→ Your instructions:
In your copy, include every line of the listing below exactly but none of the pictures.

→ Provided data:
-- Opening Marker --

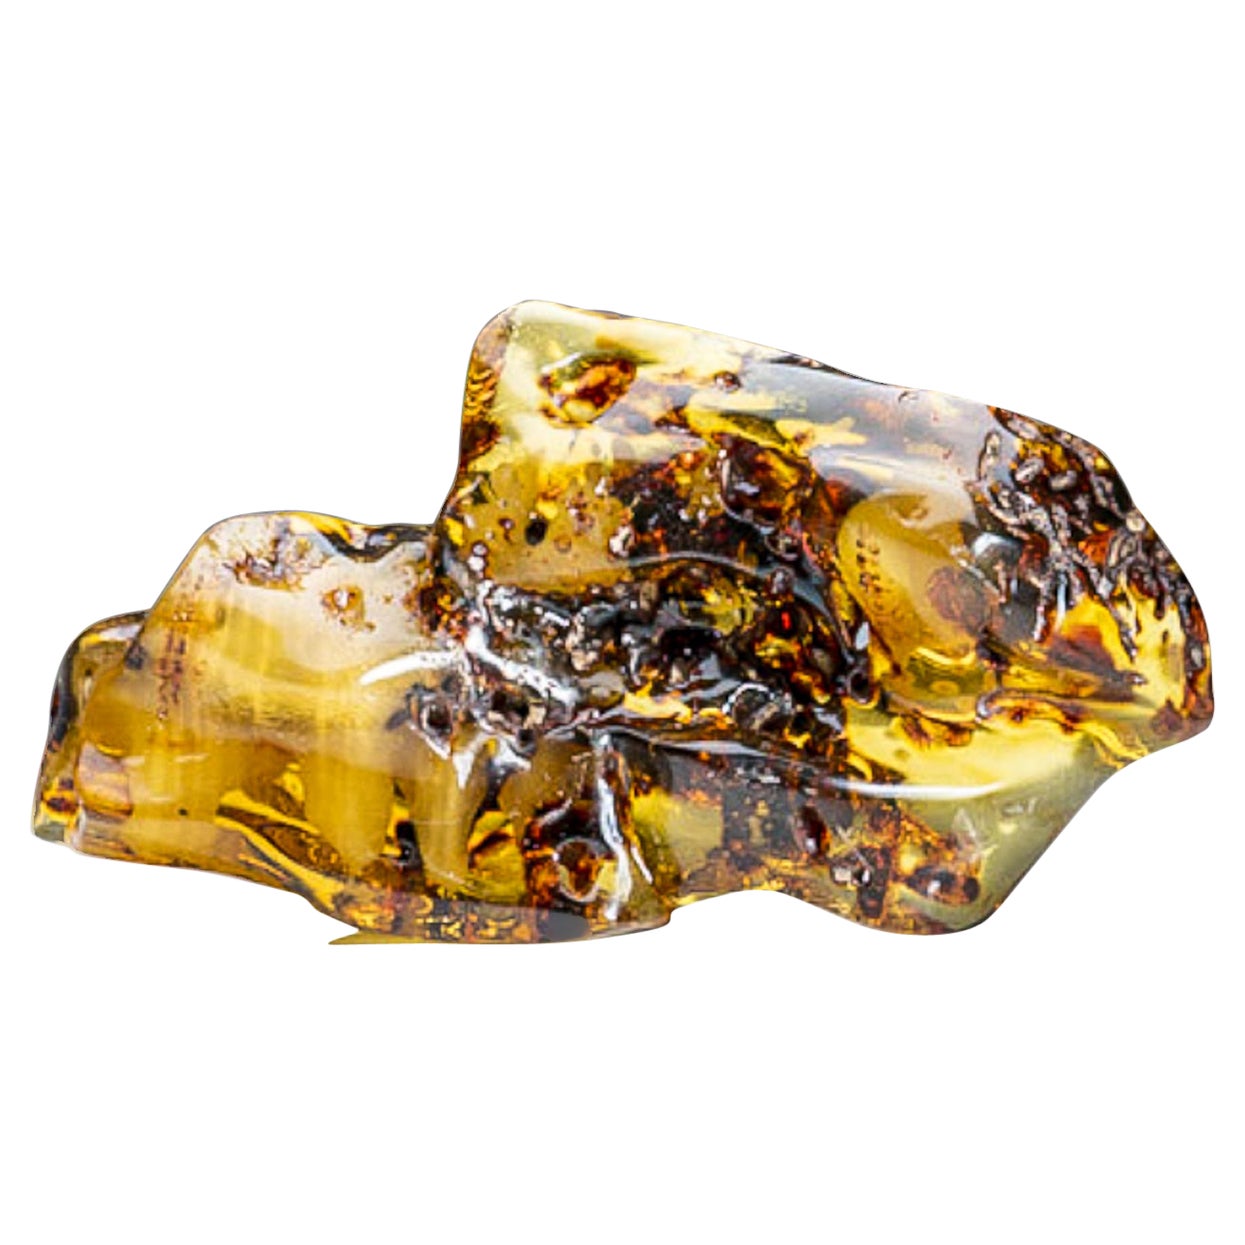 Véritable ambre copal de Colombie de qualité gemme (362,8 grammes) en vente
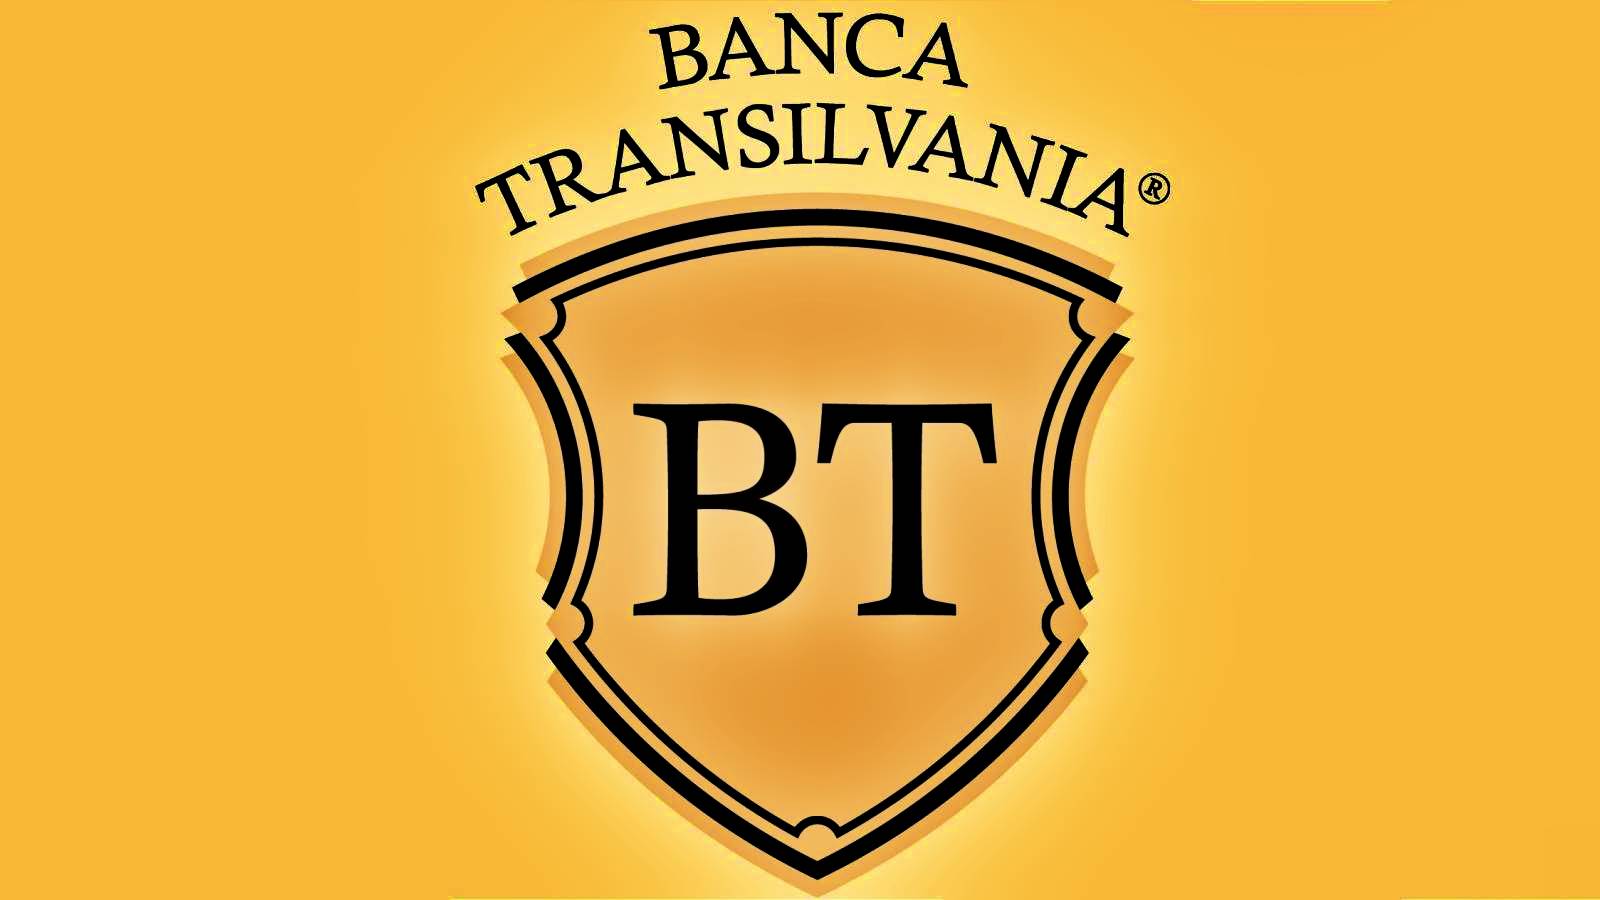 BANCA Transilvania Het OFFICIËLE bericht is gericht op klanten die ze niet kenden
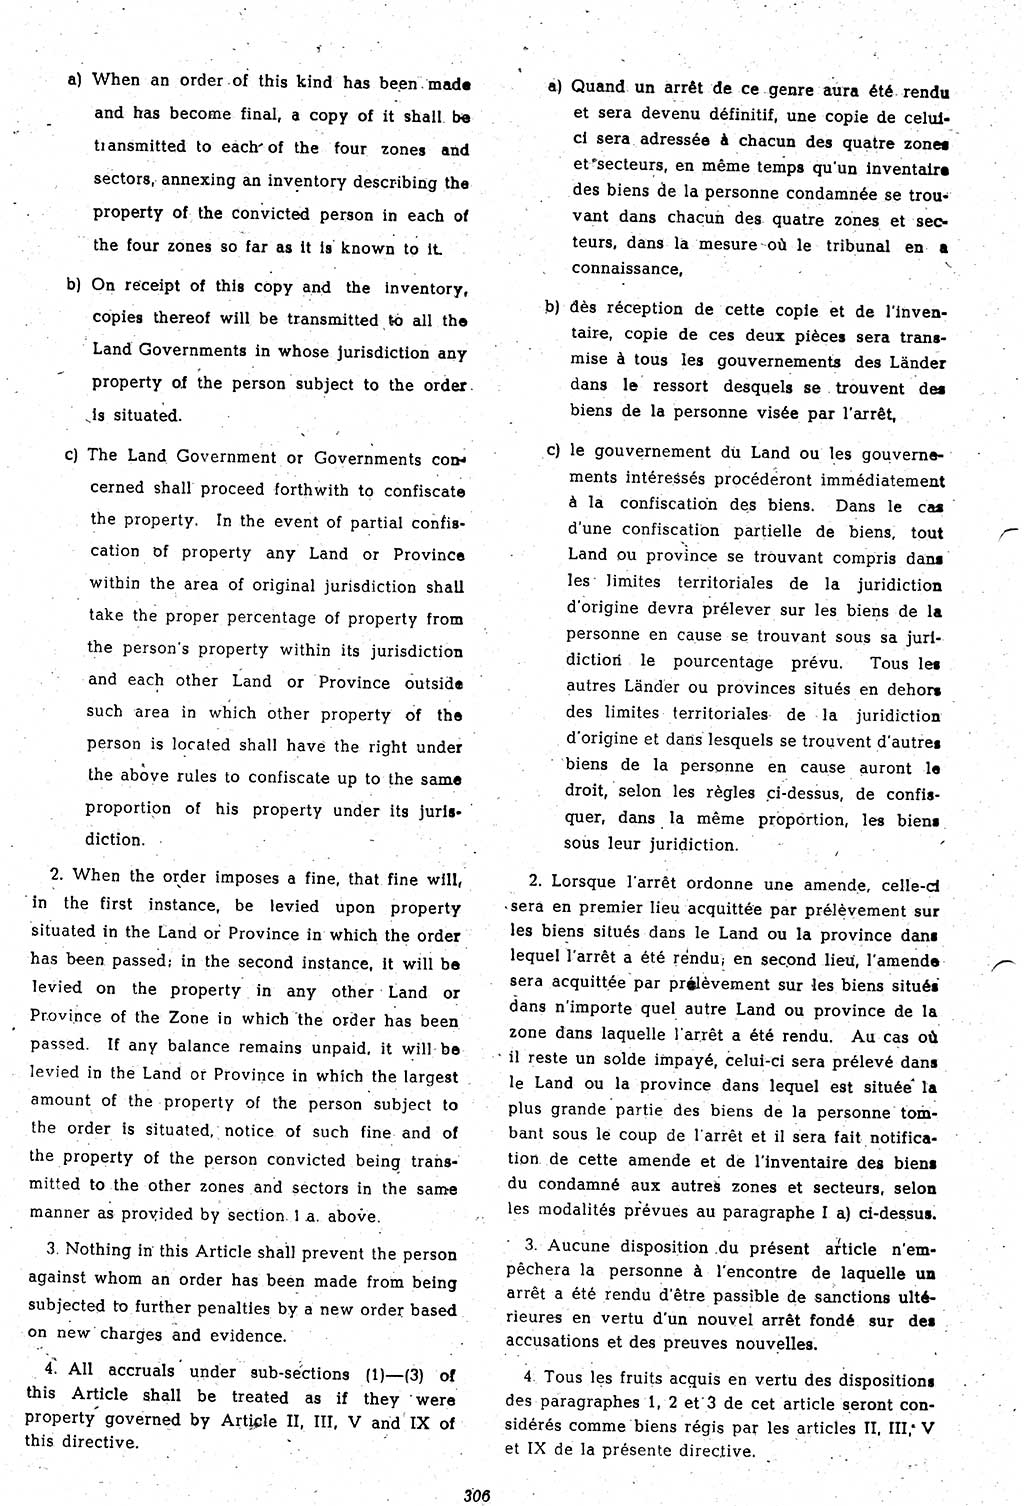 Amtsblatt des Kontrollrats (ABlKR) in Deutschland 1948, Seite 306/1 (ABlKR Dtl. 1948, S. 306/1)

-- Closing Marker --

→ Completed exercise:
 Véritable ambre copal de Colombie de qualité gemme (362,8 grammes) en vente
 BANCA Transilvania Het OFFICIËLE bericht is gericht op klanten die ze niet kenden
 Amtsblatt des Kontrollrats (ABlKR) in Deutschland 1948, Seite 306/1 (ABlKR Dtl. 1948, S. 306/1)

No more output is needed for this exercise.